The post assumes that the person had a kid with a white person. That bothers me.
I'm not a parent, but I have a niece who is 7 months old that is biologically more white than Asian, and this is a concern of mine. I plan on schooling her on Asian culture whenever I can when she's a little older, because her father's sure as hell not going to, and her mother doesn't know squat. I'm not much more of an authority, but I have resources I can refer to (my best friend is Asian). The mother claims she wants to send her to Chinese school (for all the wrong reasons: money, job opportunities...how Western) and if she actually keeps her word and sends her, I will attempt to have a say in where she goes to learn Chinese. It's very important to me she doesn't go through the same things I did, or at least is better prepared than I was.

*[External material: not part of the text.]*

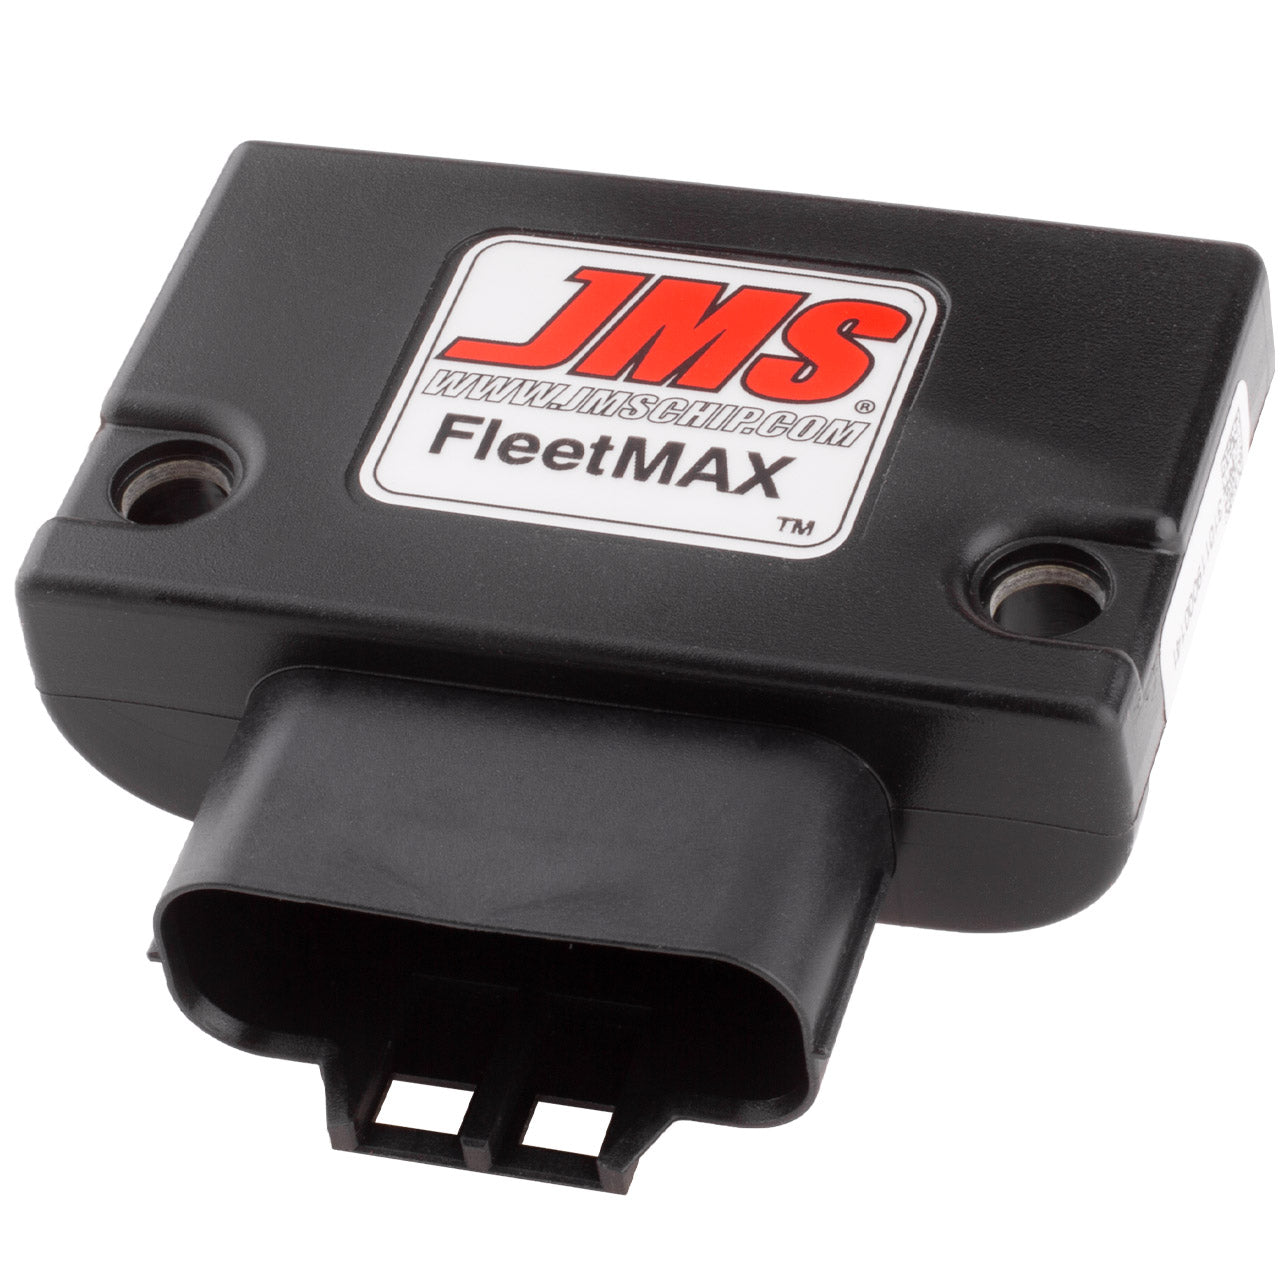 JMS FleetMAX Speed Control Device. Plug and Play for some 2012 - 2021 Nissan Vehicles with electronic throttle control FX71219NSV1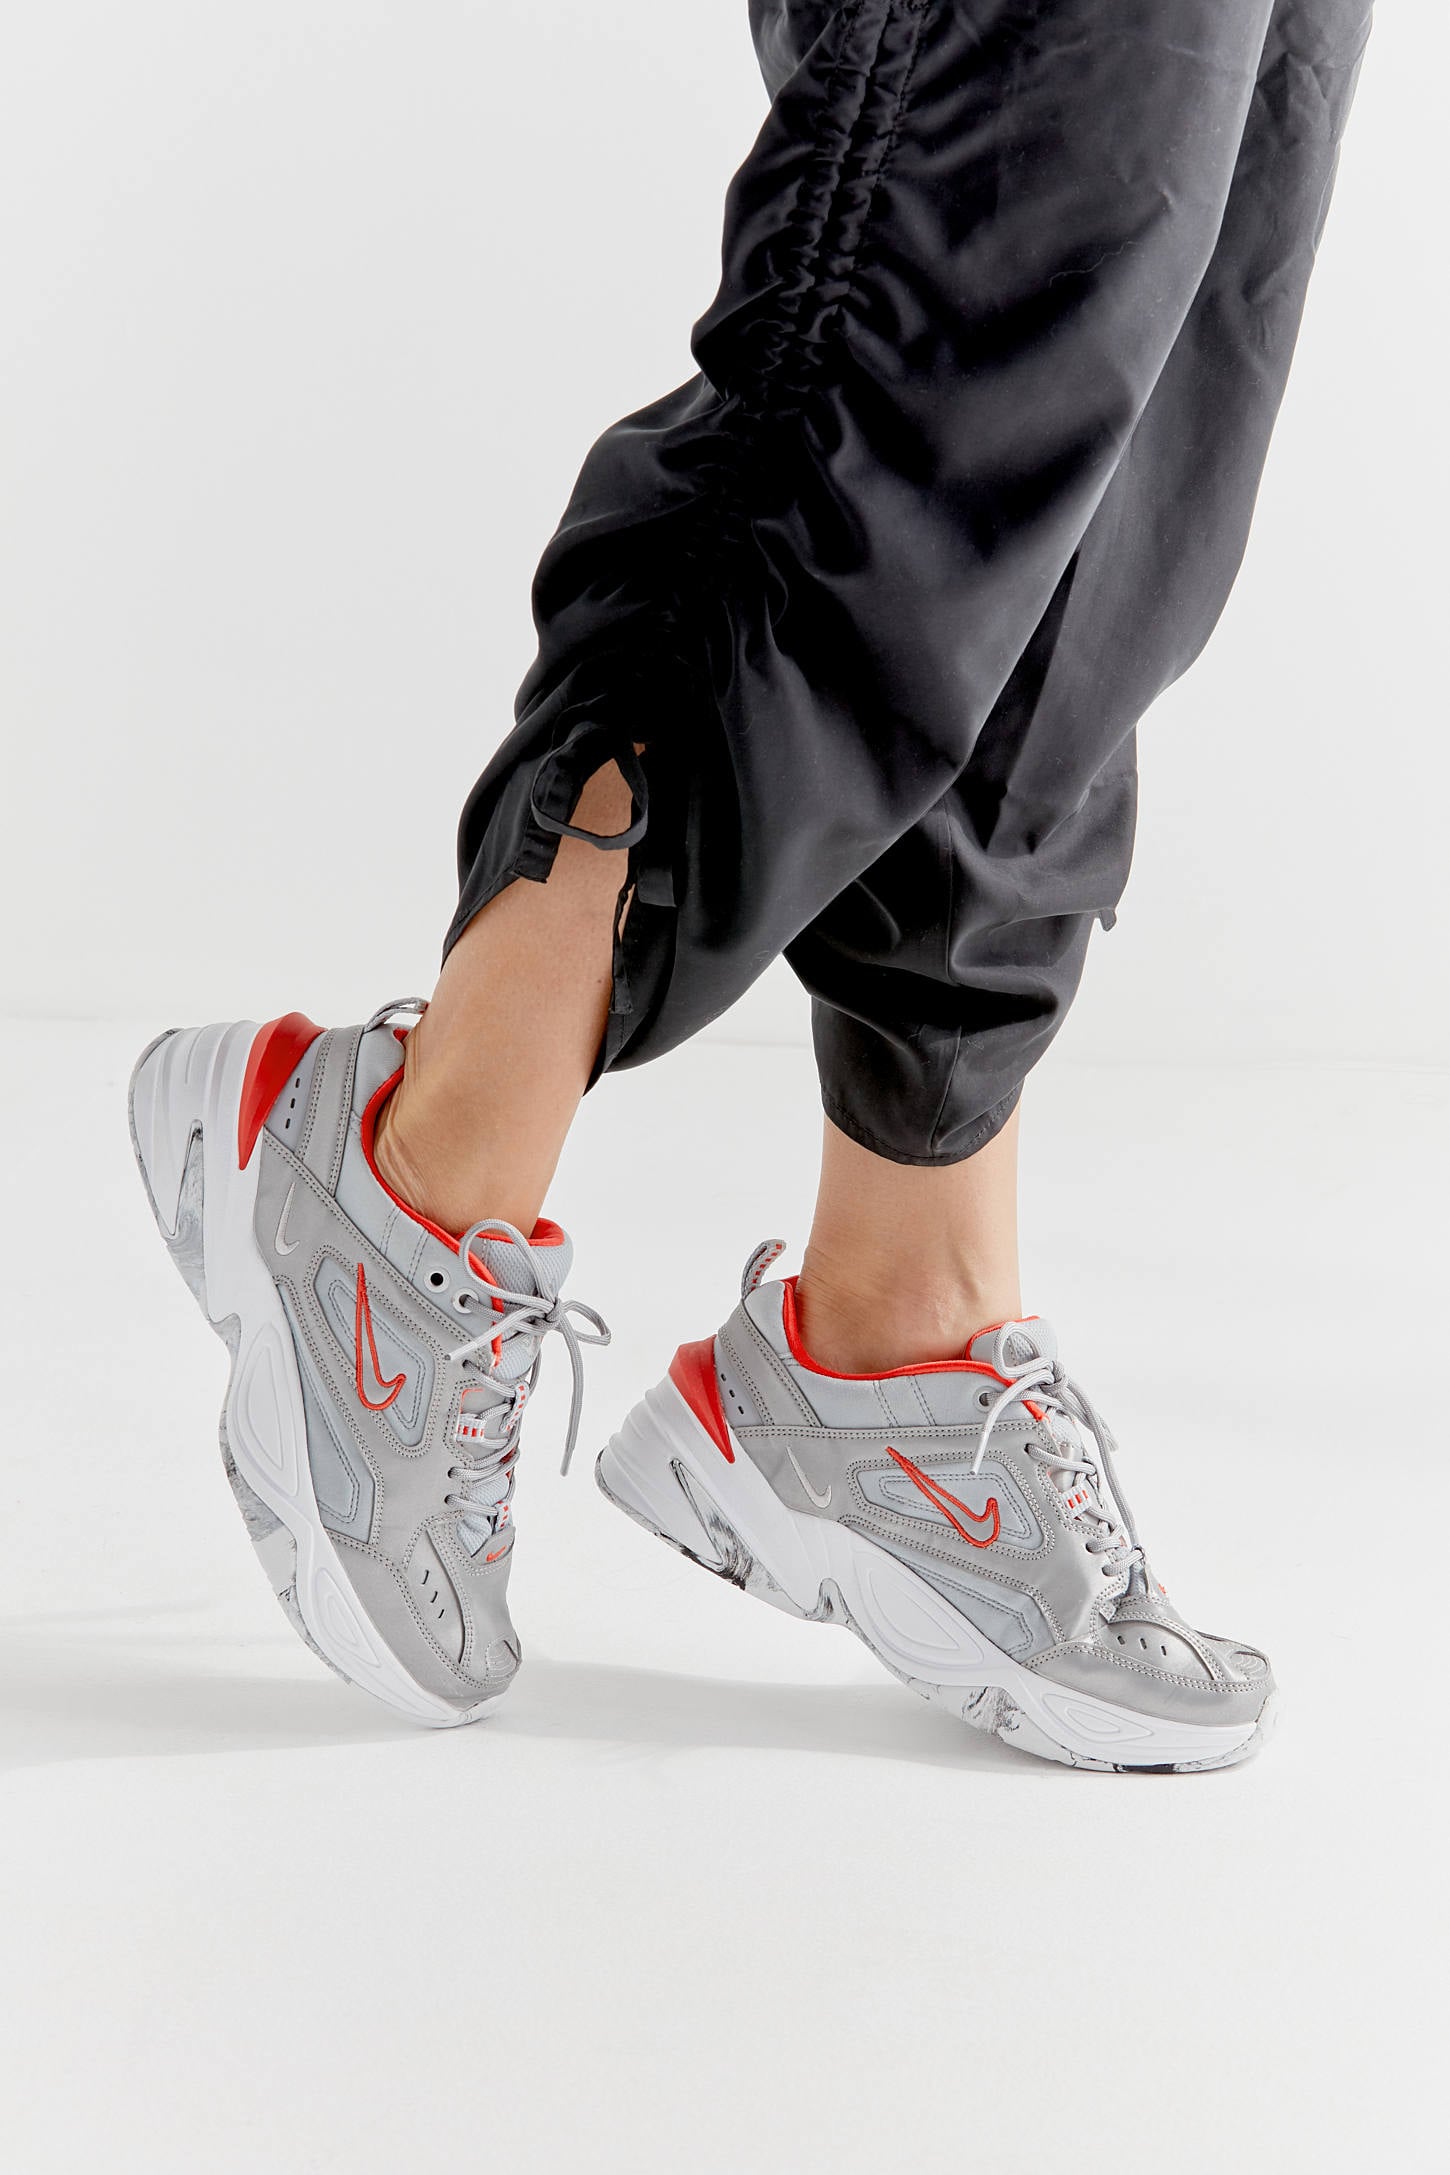 Suposiciones, suposiciones. Adivinar Rey Lear Elemental Nike M2K Tekno Metallic Sneakers | I Resisted Dad Sneakers For 1 Year, but  This $100 Pair Changed My Mind | POPSUGAR Fashion Photo 6

I understand how you feel. I am Half Japanese and Half Venezuelan. And I have two children with my husband who is 100% Mexican. For me Japanese was my first language, I spent half my life there growing up between Japan and the US and I am the only mix on my entire Japanese side of the family. So when I decided to have children it was very important for me for my children not to only be familiar with Jappanese culture, but speak it fluently as I do in order to be able to communicate with their family. It is difficult, but I decided to put my kids in a Japanese Preschool in Los Angeles, CA where I live and plan to put them in Japanese saturday school when they're school-aged. They've also been to Japan once and I plan to take them annually. This is probly the most I can do, but I think there are so many ways you can keep them connected without them even going to extra Japanese schools or even speaking the language, altough I think its an advantage to know more languages. Anyways, My sons who are only preschoolers , although they did delay slightly in speech, now they speak English, Japanese and Spanish fluently without mixing languages in sentences and are very connected to there Japanese, Venezuelan and Mexican roots.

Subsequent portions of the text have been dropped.